Suppose the velocity correlation function decays exponentially in time $$ \langle \mathbf{v}(0)\cdot \mathbf{v}(t)\rangle = \langle |\mathbf{v}|^2\rangle \exp(-t/\tau) . $$ This is related to the diffusion coefficient by $$D= \frac{1}{3} \int_0^\infty \langle \mathbf{v}(0)\cdot \mathbf{v}(t)\rangle \, dt =\frac{1}{3}\langle |\mathbf{v}|^2\rangle\tau . $$ Since $$ \Delta \mathbf{r}(t)=\mathbf{r}(t)-\mathbf{r}(0)=\int_0^t \mathbf{v}(t') \, dt', $$ it follows that $$ \frac{d}{dt} \langle | \Delta \mathbf{r}(t)|^2 \rangle = 6D\, [1-\exp(-t/\tau)] , $$ and this converges towards the correct answer, $6D$, exponentially fast in the time $t$. On the other hand $$ \frac{1}{t} \langle | \Delta \mathbf{r}(t)|^2 \rangle = 6D\, \left[ 1 - \frac{\tau}{t} + \frac{\tau}{t}\exp(-t/\tau)\right] . $$ This converges more slowly, proportional to $t^{-1}$.

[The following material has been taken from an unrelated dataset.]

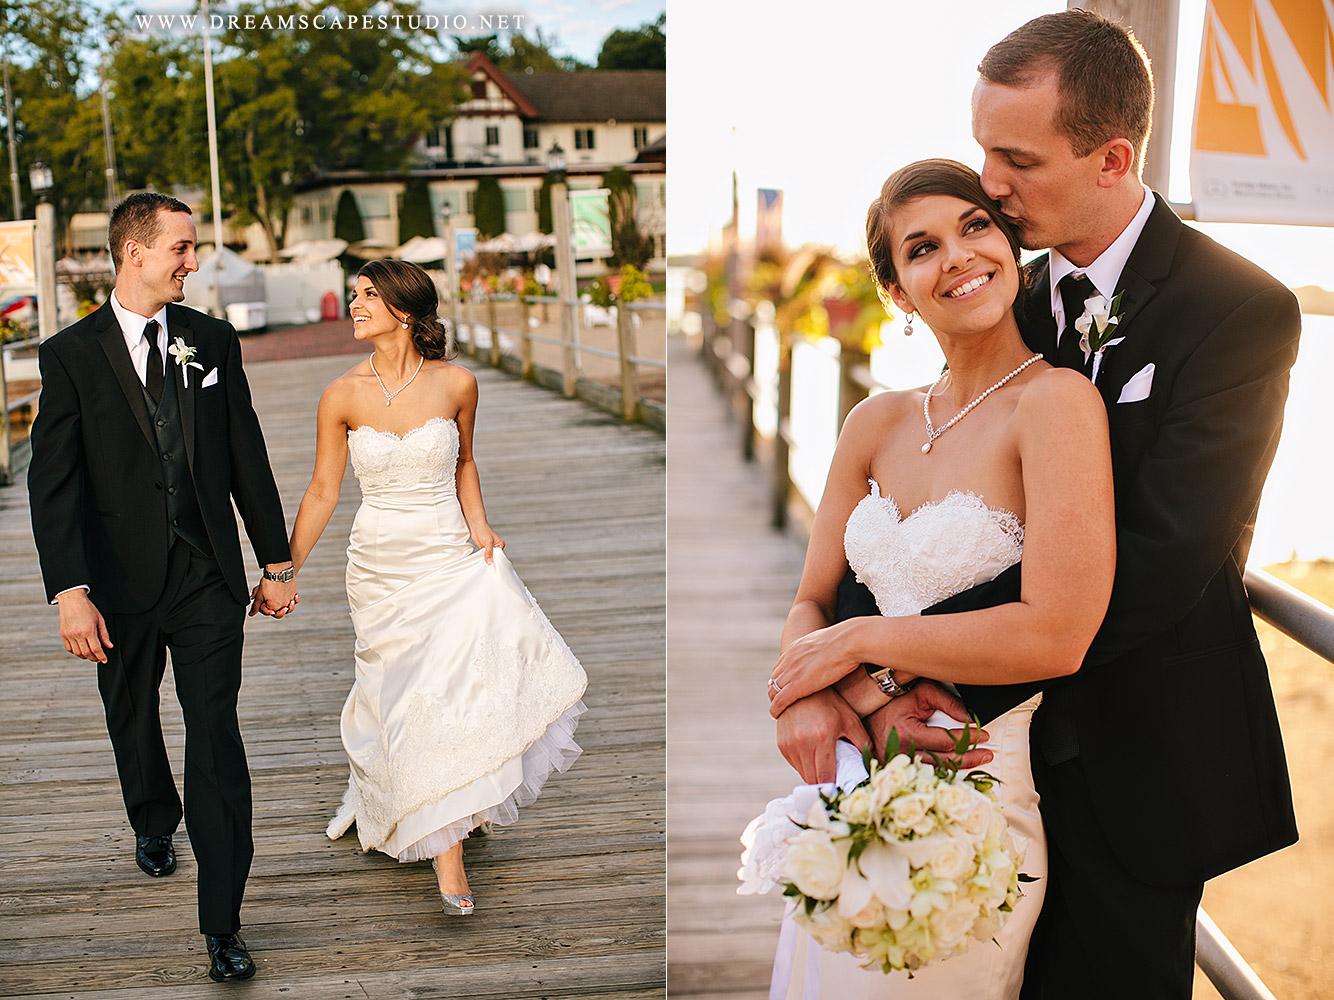 CT_Wedding_Photography_Liz_Justin_35LiJu.jpg

Looking at a log-log plot may be useful, as it may highlight changes between different regimes of behaviour (for example, at long times) that you would miss otherwise. This might be especially true of a polymer system like yours. But your option (3) "slope of log-log plot" does not give you the diffusion coefficient! It just gives you an idea of whether the behaviour is diffusive (slope $=1$) or not (slope $\neq1$). And option (4) "slope of semi-log plot" does not give you $D$ either.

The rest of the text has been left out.